Le Fusil brisé : une idéologie anachronique ?
Pierre Guelff - Auteur, chroniqueur radio et presse écrite
À l’heure où la société est à nouveau envahie par le bruit des bottes et des canons et qu’un militarisme exacerbé envahit l’espace citoyen, une exposition sur le thème « Le Fusil brisé : une idée anachronique ? » circule en partie francophone du pays. Visite guidée et réflexions.
C’est dans la salle du Grand Bailli du remarquable bâtiment du XVIe siècle, l’Hôtel Arenberg, qui à lui tout seul mérite déjà le déplacement, que s’est tenue une étape de cette exposition de réflexion qui entre dans nos gènes, comme le précisa Palmeiro Spinogatti, cheville ouvrière de la Maison des Associations laïques locales.

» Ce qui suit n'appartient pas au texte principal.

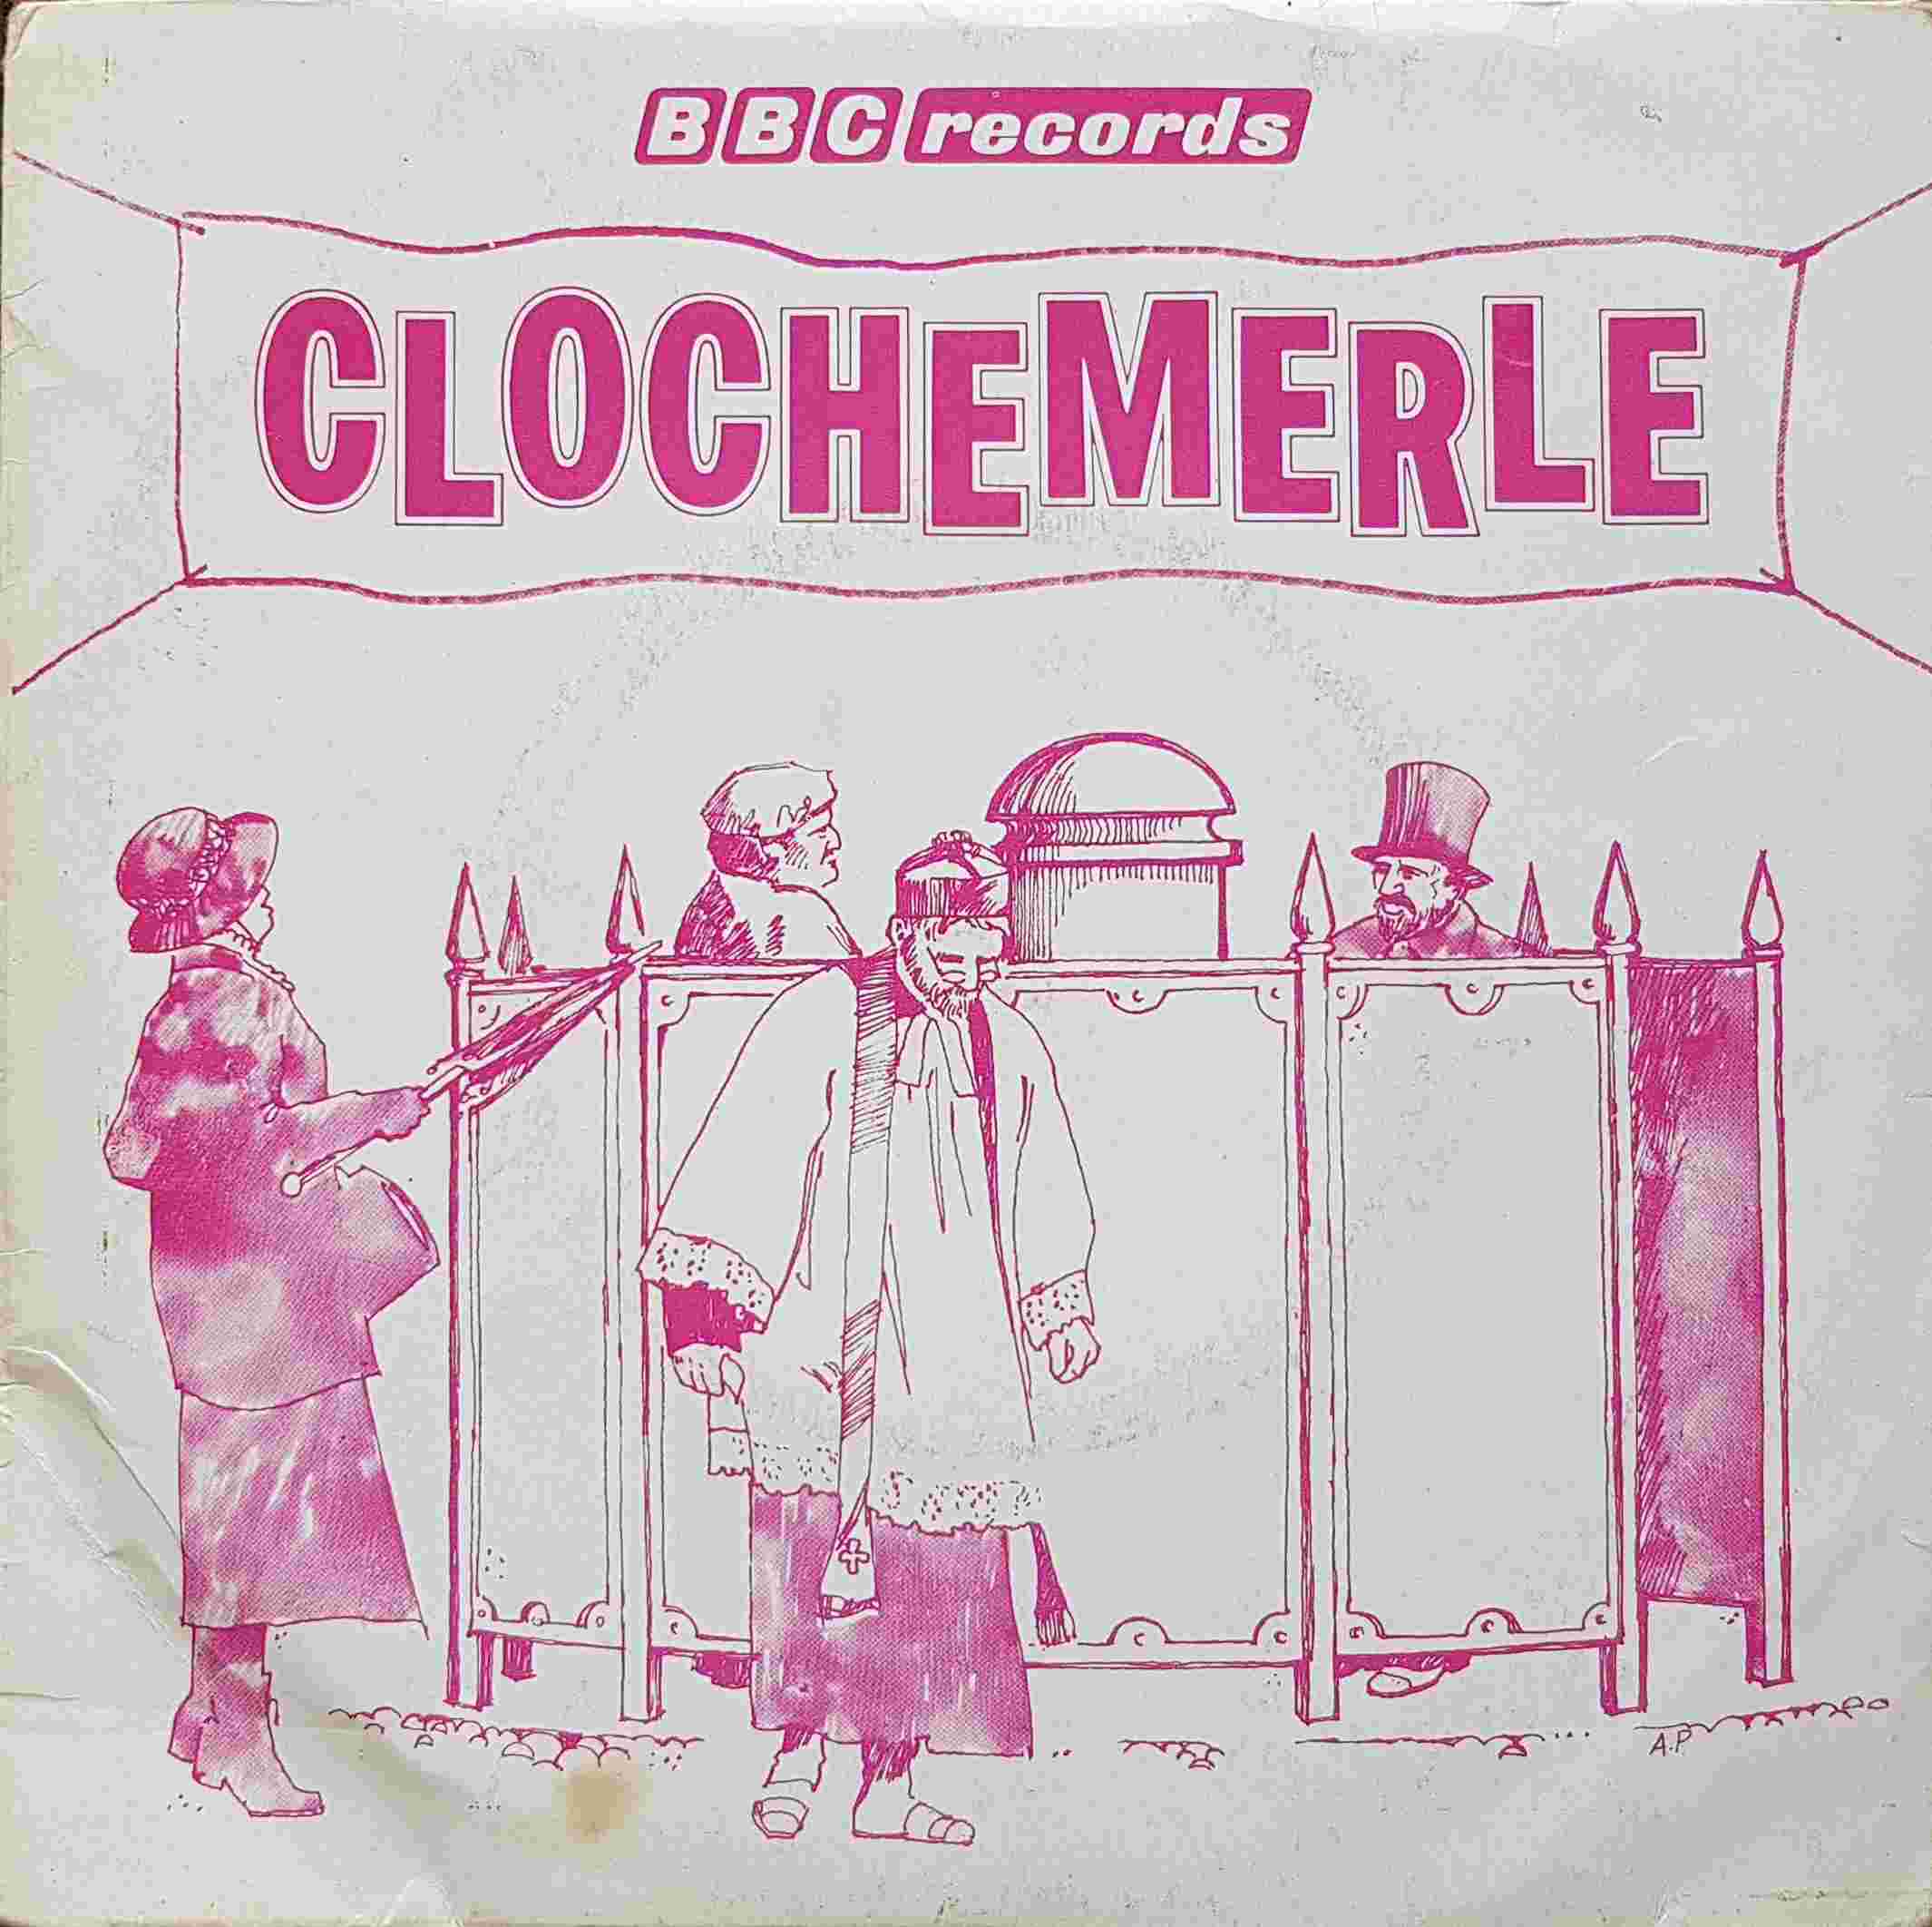 Picture of RESL 8 Clochemerle by artist Alan Roper from the BBC singles - Records and Tapes library

Quinze parties la composent et elle débute par un fait marquant qui se déroula en 1921, peu de temps après le carnage de la Première Guerre mondiale avec plus de neuf millions de morts et disparus.
Il suffit de se rendre aux cimetières militaires qui sont nombreux en Belgique, pour se rendre compte de l’ampleur du désastre, récidivé en 1940-45.

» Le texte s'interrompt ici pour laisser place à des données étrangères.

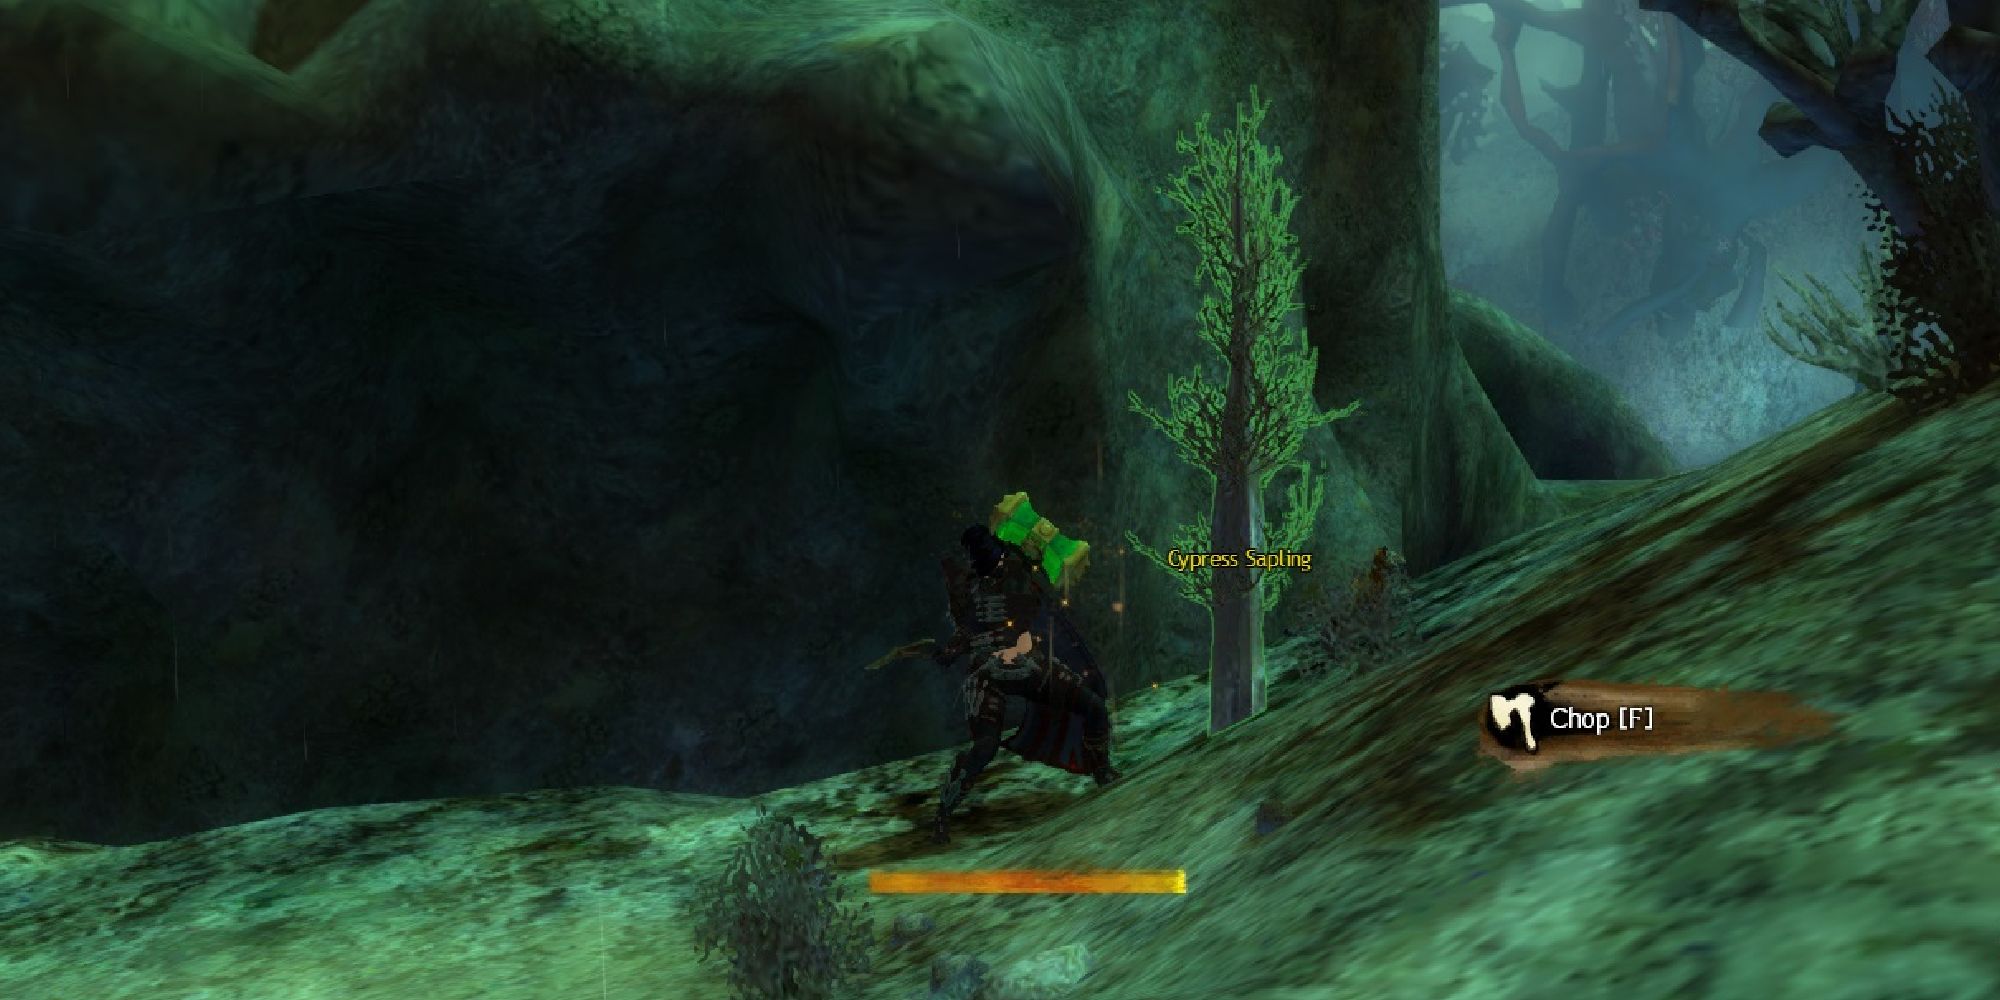 player chopping a tree

À l’époque, le pacifisme était de mise principalement dans les rangs socialistes car, faut-il le rappeler, l’antimilitarisme est d’essence ouvrière par suite de la prise de conscience des ouvriers qui ne désiraient absolument pas tuer des collègues de l’autre côté de la frontière afin d’assouvir la soif de gloire des gradés militaires et le business des industriels de l’armement.
Aujourd’hui, cela est balayé, même renié, au nom d’une politique affairiste.
Forcenés et patriotards
En 1921, une importante réunion syndicale fut organisée à Morlanwelz, au cœur de la Wallonie, et avait pour but une semaine d’études et de discussions sur le thème des contrats collectifs, des commissions mixtes et du contrôle ouvrier dans les usines, avec deux invités d’honneur, le délégué hindou Wadin et le délégué allemand Sassenbach.

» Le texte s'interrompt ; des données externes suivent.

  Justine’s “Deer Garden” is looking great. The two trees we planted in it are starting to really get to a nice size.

La présence de ce dernier occasionna des réactions de colère, de mépris et une crise politique majeure, comme la résuma Palmeiro Spinogatti :
« La présence de Johannes Sassenbach, autodidacte et artisan bourrelier, syndicaliste, devenu responsable d’une école berlinoise, n’eut pas l’heur de plaire aux politiciens catholiques et libéraux car c’était un boche ! Des manifestations durèrent trois jours et le gouvernement belge tomba, les socialistes étant même expulsés de tout gouvernement durant une décennie. »
Les titres de la presse étaient éloquents : Forcenés socialistes contre patriotards, Un crime de lèse-patrie, Les Patriotards sont en émoi, Un scandale avec la venue d’un boche, Un meeting bolcheviste…
Pour la petite histoire, si j’ose dire, Johannes Sassenbach fut arrêté par les nazis en 1934…
L’exposition explique à l’aide d’une douzaine de panneaux didactiques cette période, celle, entre autres, de l’impôt du sang, c’est-à-dire du tirage au sort pour le service militaire avec cet aspect d’injustice que les plus riches payaient les plus pauvres pour aller à la guerre à leur place.
Ils payaient de 1 500 à 2 000 francs à l’époque, soit le prix d’une maison !
Cette période fut également celle de la naissance du symbole de l’arme cassée (le fusil brisé) et de l’Internationale des Résistants à la Guerre, développant des arguments tels ceux de Louis Lecoin, celui qui fit plier le général de Gaulle pour obtenir le statut d’objecteur de conscience.
Je le cite : « S’il m’était prouvé qu’en faisant la guerre, mon idéal avait des chances de prendre corps, je dirais quand même non à la guerre. Car on n’élabore pas une société humaine sur des monceaux de cadavres. »
Ce genre d’argument est-il devenu anachronique quand on constate la complicité du monde politique, même celui des forces progressistes, avec les marchands de canons et les militaires dont, rappelons-le, le but premier est de tuer ?
Une complicité qui paraît laisser indifférente la majorité des citoyens… jusqu’au jour où le bruit des bottes retentira sous leurs fenêtres.
Amnésiques et engagés
Chaque 15 mai, c’est la Journée Internationale de l’Objection de conscience.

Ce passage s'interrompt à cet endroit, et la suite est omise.